では、投資を受けたスタートアップはどの程度の速度で成長しているのだろうか。いずれも今では上場している4社だが、成長スピードはビジネスモデルやサービスの性格によって異なる。年間売上が$1Mから$10Mに至るまで何年掛かったかが図示されているが、メール配信ツールを提供するSendgridは3年半掛かっているのに対し、音声通話APIの提供を行うTwillioは約1年で年間$10Mに到達している。

これからクラウド業界に起きること

レポートではクラウドの各レイヤ(FaaS, PaaS, IaaS, SaaS)においてどのような変化が起きつつあるのか、以下8つを紹介している。

  1. Rise of serverless computing
  2. APIs drive innovation
  3. Blockchain finds a home in the enterprise
  4. Payments-as-a-Service
  5. System of record moves to system of results
  6. Growth of the screenless software moment
  7. Values create value
  8. The cloud is flat

この中でも特に注目したい4項目を解説したい。

サーバーレスコンピューティングの台頭

サーバーレスコンピューティングが近年注目を集めている。インフラなどの低レイヤーの部分をクラウド側が巻き取ってくれるため、開発者にとって初期設定の手間や学習コストが減り、プロダクトのコア機能開発に集中しやすい環境となってきている。

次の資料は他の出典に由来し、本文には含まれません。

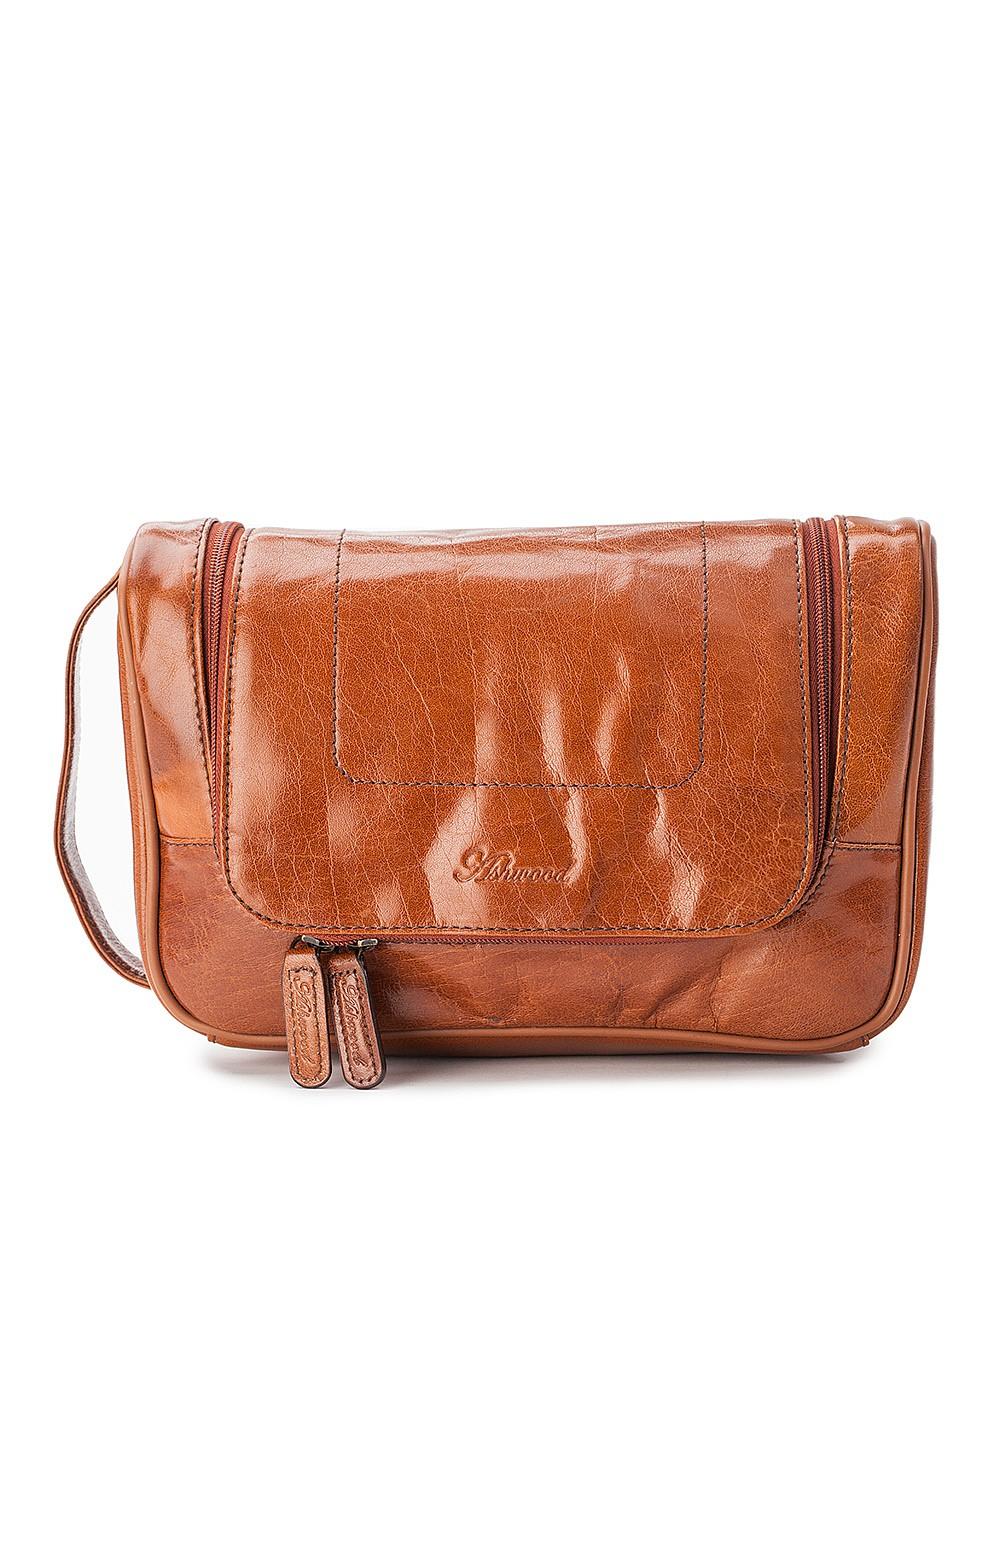 329f13b49d1 Mens Brown Leather Wash Bag Uk - Dream Shuttles

プロダクトを支えるインフラについて、ここ数年はDockerをはじめとするコンテナが急速に広まっていることに加え、AWS LambdaのようなFaaS(Function as a Service)型サービスの活用は今後さらに進みそうだ。

イノベーションを加速するAPI

あらゆる分野のサービスでAPIの公開と活用が一般的となっている。Stripeの決済データをAPI経由でダッシュボードに表示したり、各種ツールの通知情報をSlackに流してチームで情報共有を行ったりというように、APIの利用が前提となっているおかげで少ない負荷で各サービスの連携がとれるようになっている。

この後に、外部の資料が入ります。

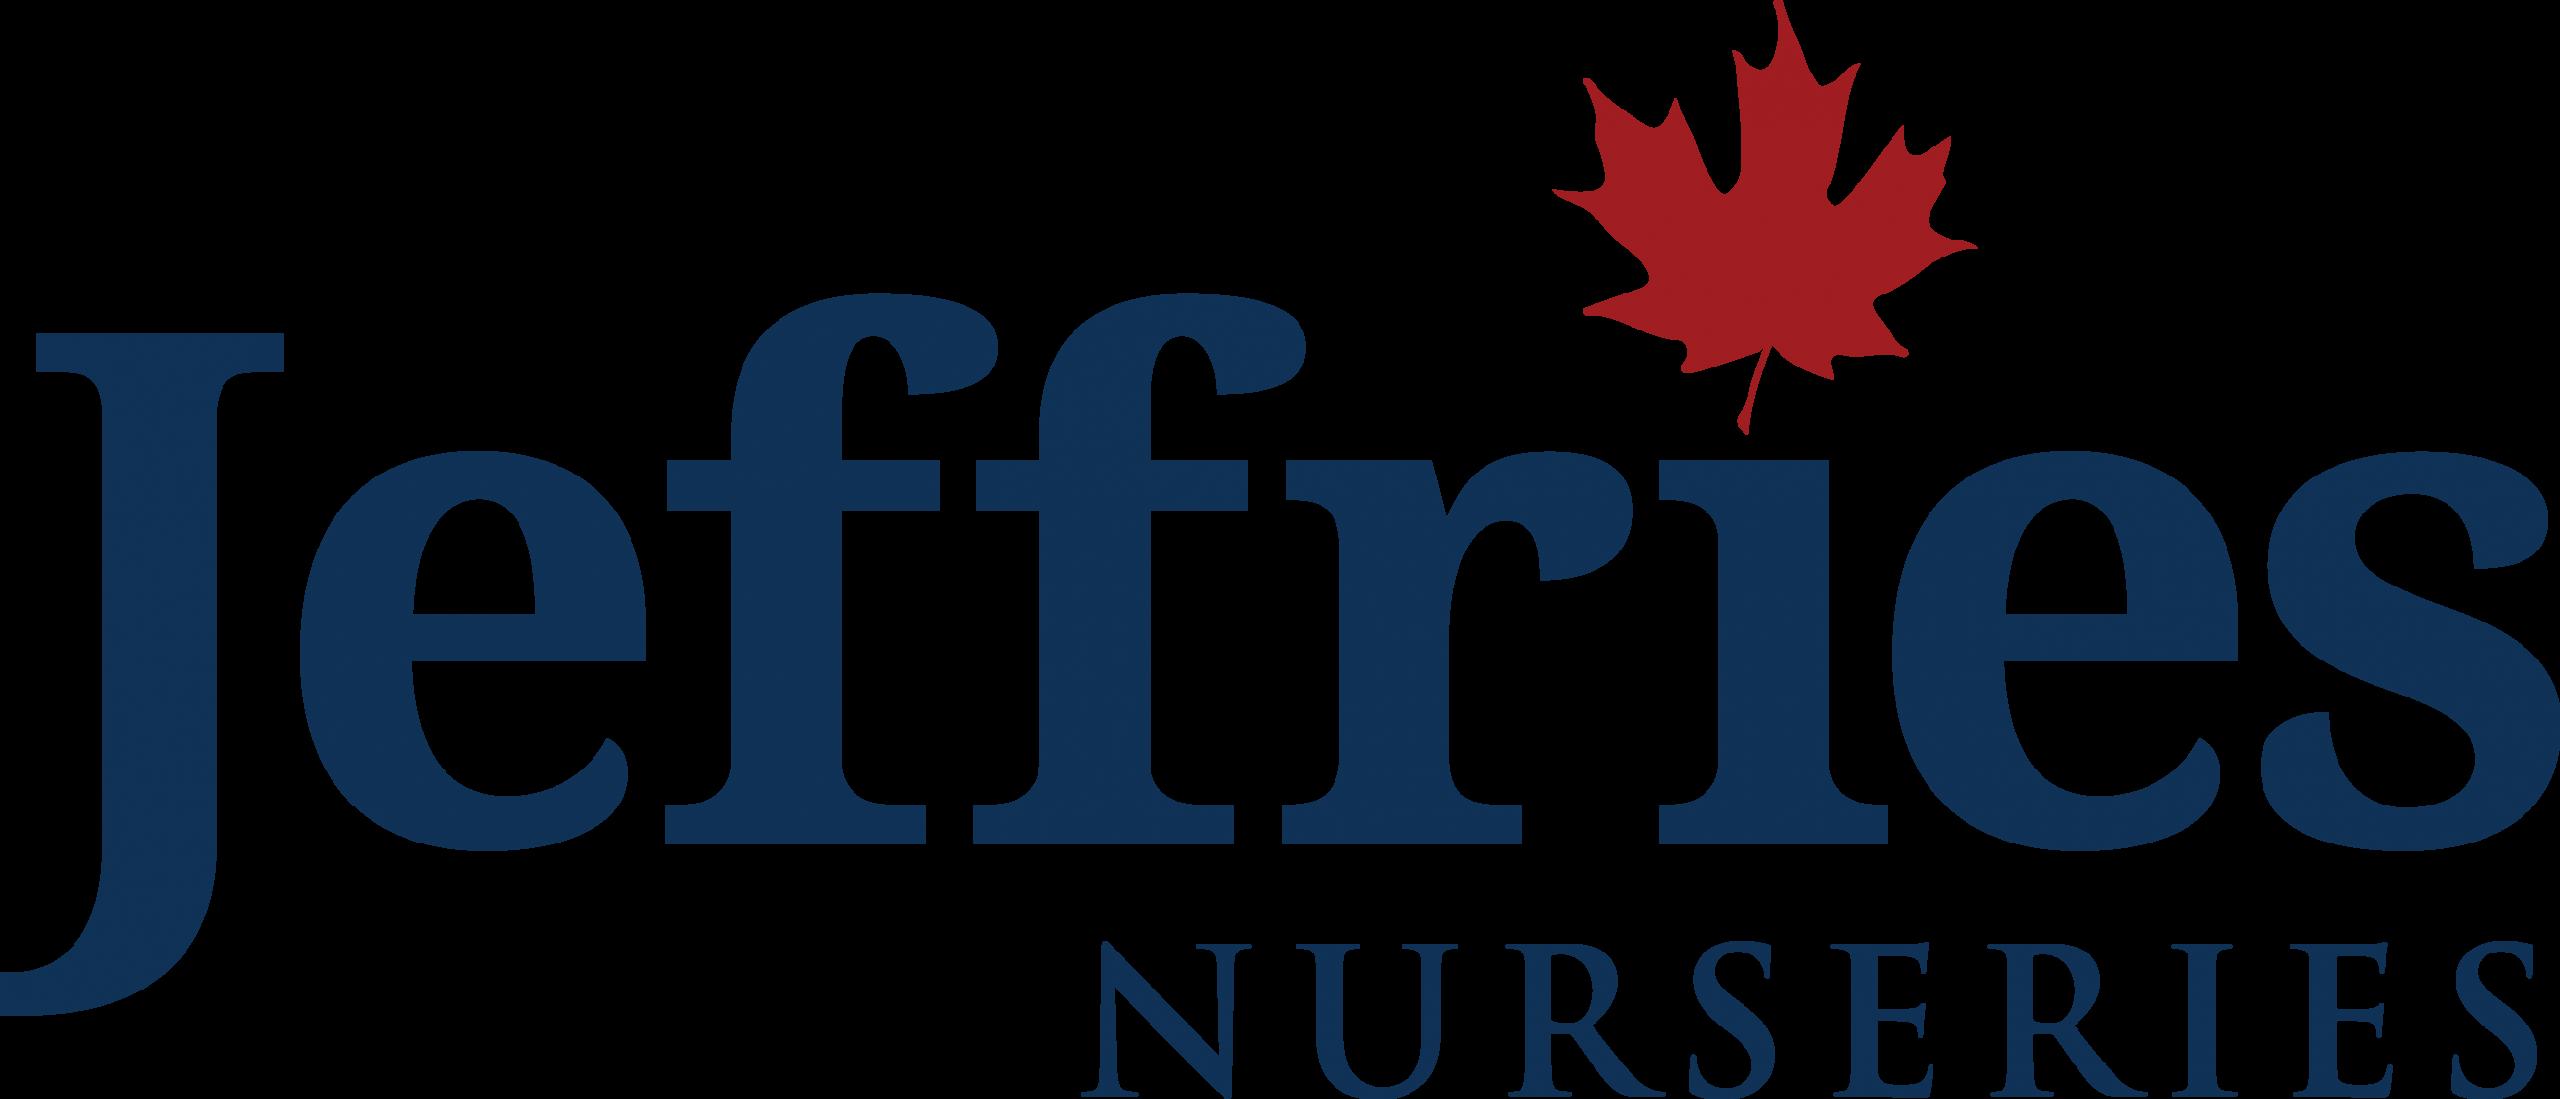 Jeffries Nurseries

利用者にとっての利便性が高いのはもちろんだが、様々なデータを引き出せるAPIが整備させていることで、新規サービスの立ち上げスピードを上げられることにも繋がる。日本国内は大量のユーザーを抱える大企業のサービスほどAPIをオープンにしていないケースが多いため、ユーザーのためにこうした取り組みを倣うべきだと思う。

スクリーンレスの進行

AlexaやGoogle Homeといった音声デバイスのヒットにより、画面を持たないインターネットデバイスのさらなる躍進が予想されている。エンタープライズにおける活用も進みはじめており、TACTのような、音声による顧客管理ツールのインターフェースも出始めている。この分野の進化は今後ますます進むだろう。

価値の源泉となる企業文化

クラウドサービスは買い切りではなく、定期課金モデルが一般的であるため、順調に行けばサービスの提供者/利用者の関係性が長くなる。サービスの価値は機能や使い勝手はもちろんだが、サポートやカスタマーサクセスに依るところも大きく、どのような対応になるかはその企業が掲げるビジョンや会社のカルチャーの影響を大きく受ける。今以上に顧客との長い関係性を前提とした組織やカルチャーの作り方が求められるようになるだろう。